Helena Pires, Fábio Marques & Sofia Gomes
2020 | CECS
As with other historic coffees, A Brasileira is recognized as part of the heritage trade in Braga. This classification is already expressive of the elevation of the status of cafes with greater longevity, which, in some way, function as a barometer, allowing to measure cultural and social transformations, as well as the idiosyncrasies of the cities in which they operate.

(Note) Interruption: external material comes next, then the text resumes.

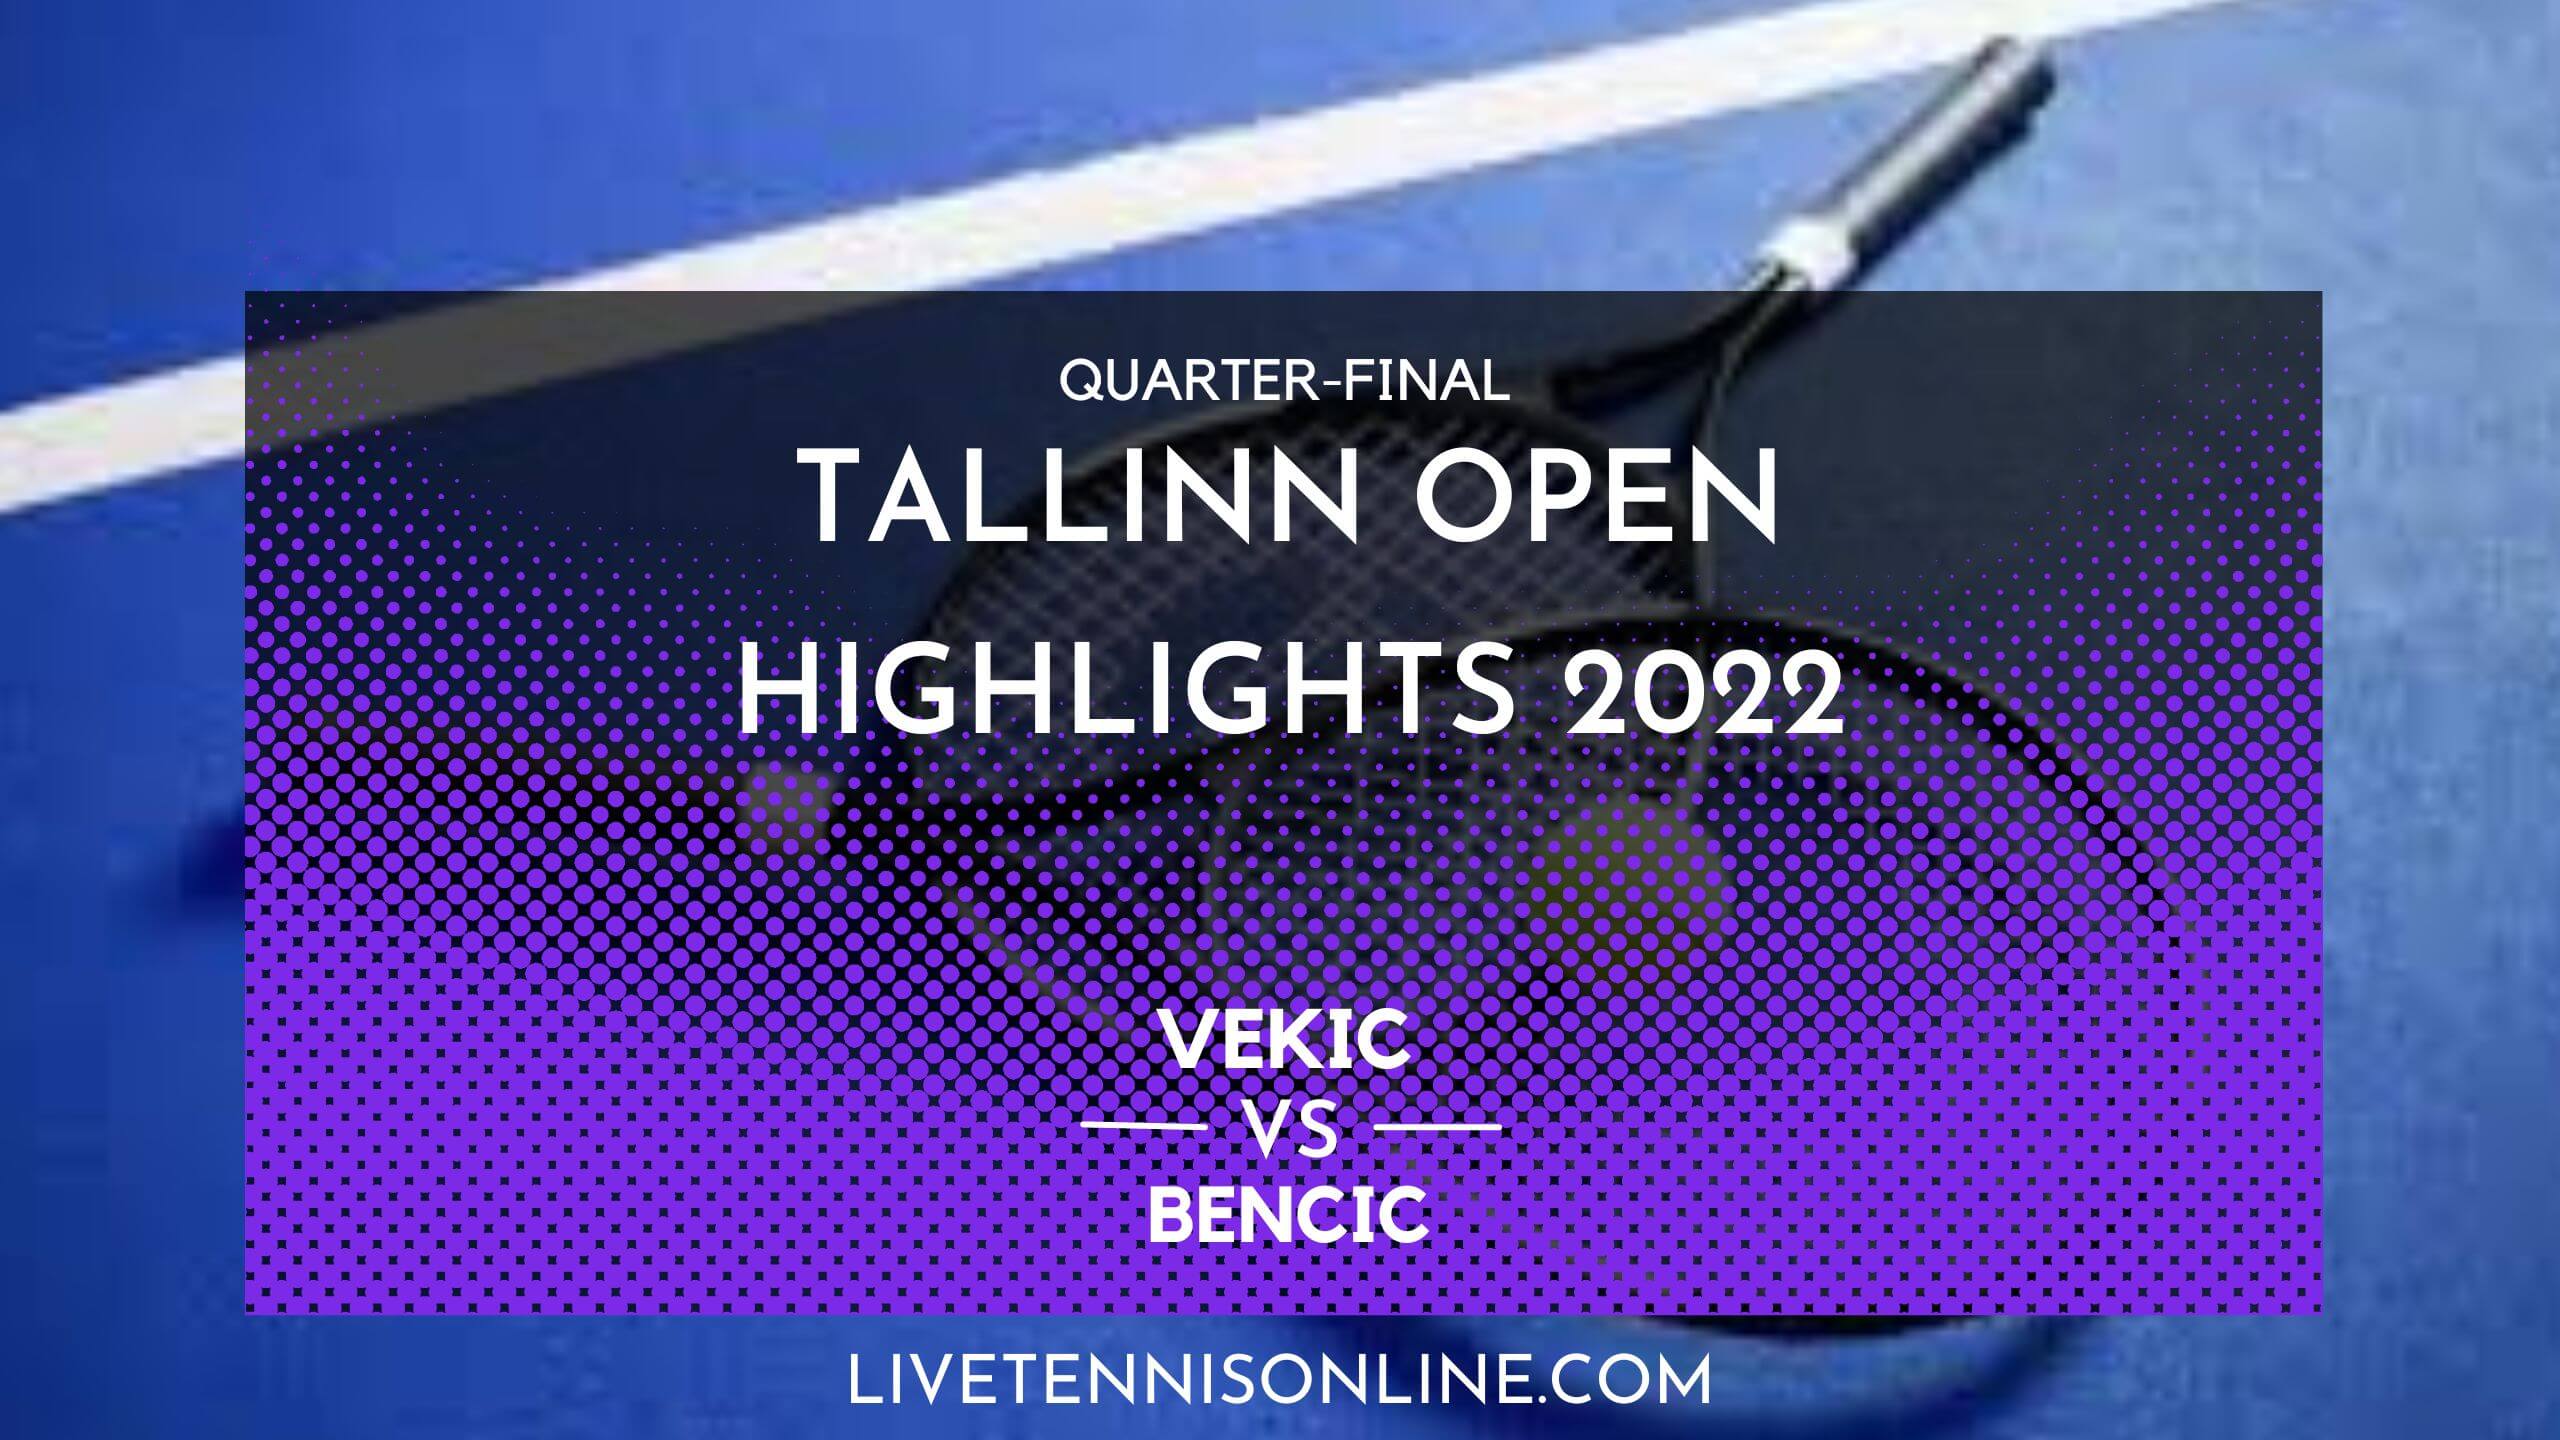 Vekic Vs Bencic QF Highlights 2022 Tallinn Open
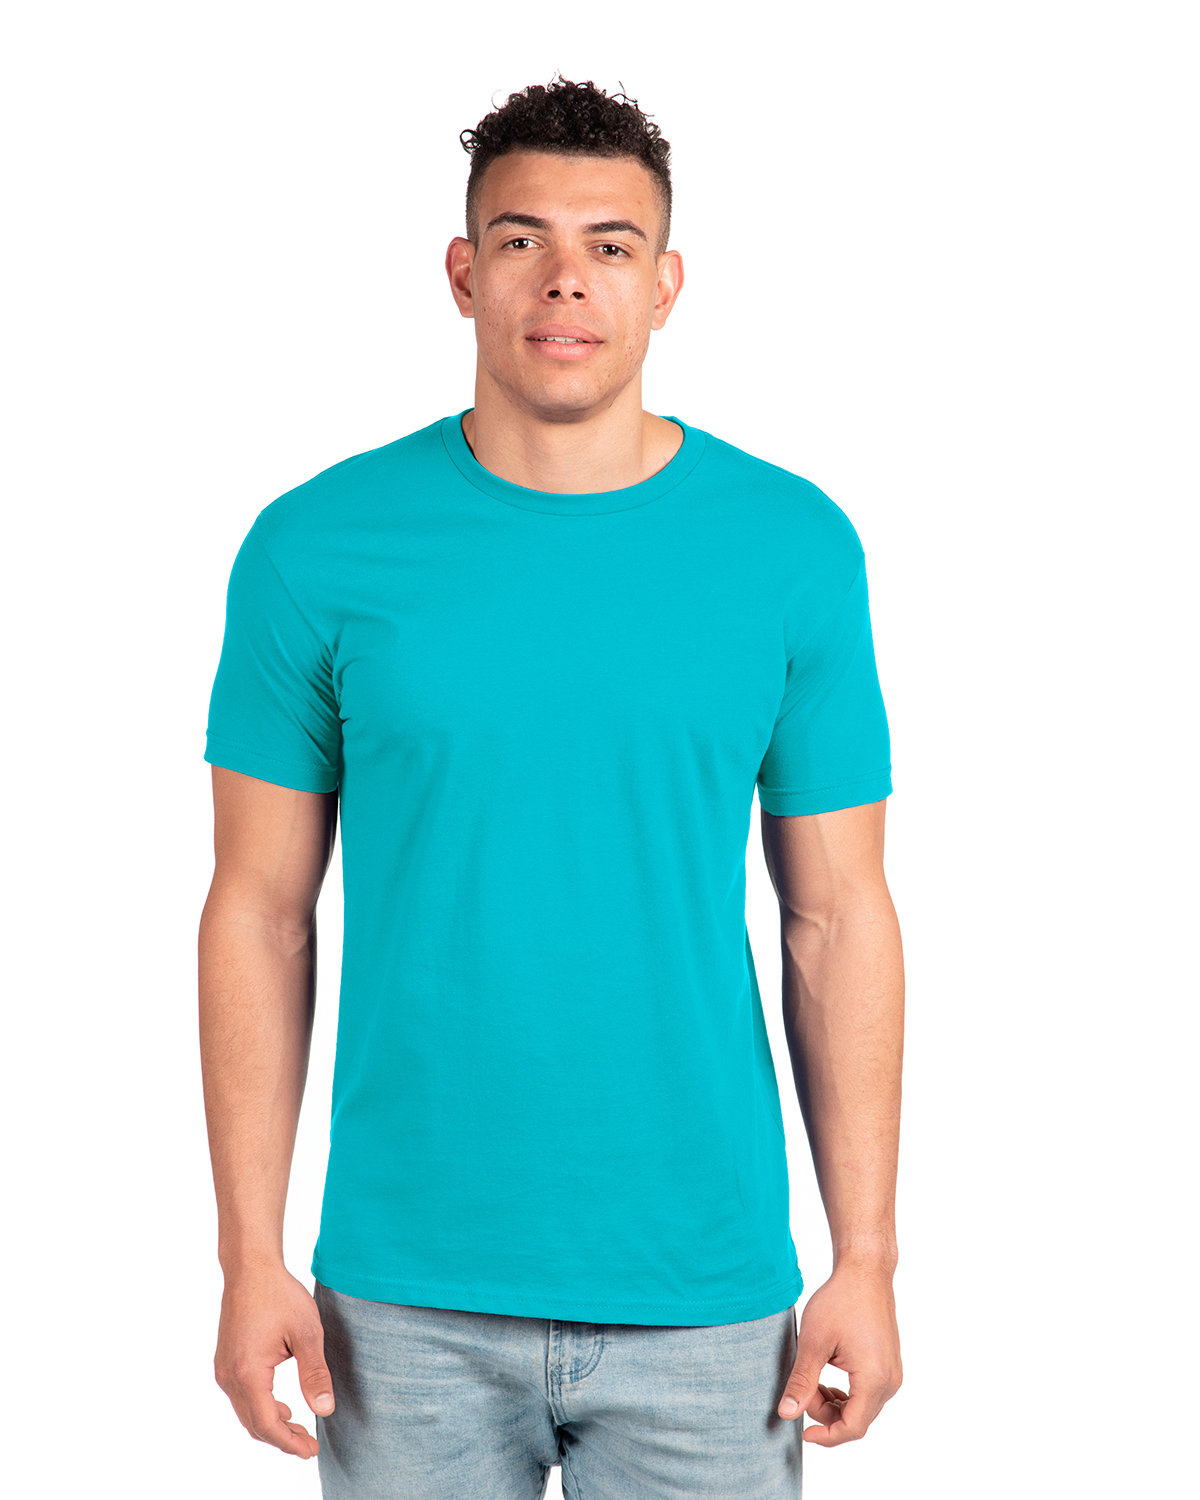 Next Level Apparel Unisex Cotton T-Shirt TAHITI BLUE

The present publication arises from the desire to highlight the different ways in which A Brasileira users take coffee in their daily lives, transforming it into a simultaneously personal place, which each one inscribes in their routines, in their scheduled or fortuitous meetings with friends and acquaintances, in their memories and life stories, but also in an impersonal place, not in the sense of the experience of indifference, but of the expansion of the experience that encompasses ways of being-with and being-with, or remembering-with, of the possibility, in short, of each one feeling part of what he observes, of what resonates in him, stretched out over ambiences, objects, conversations, views, beyond his strictly subjective sphere.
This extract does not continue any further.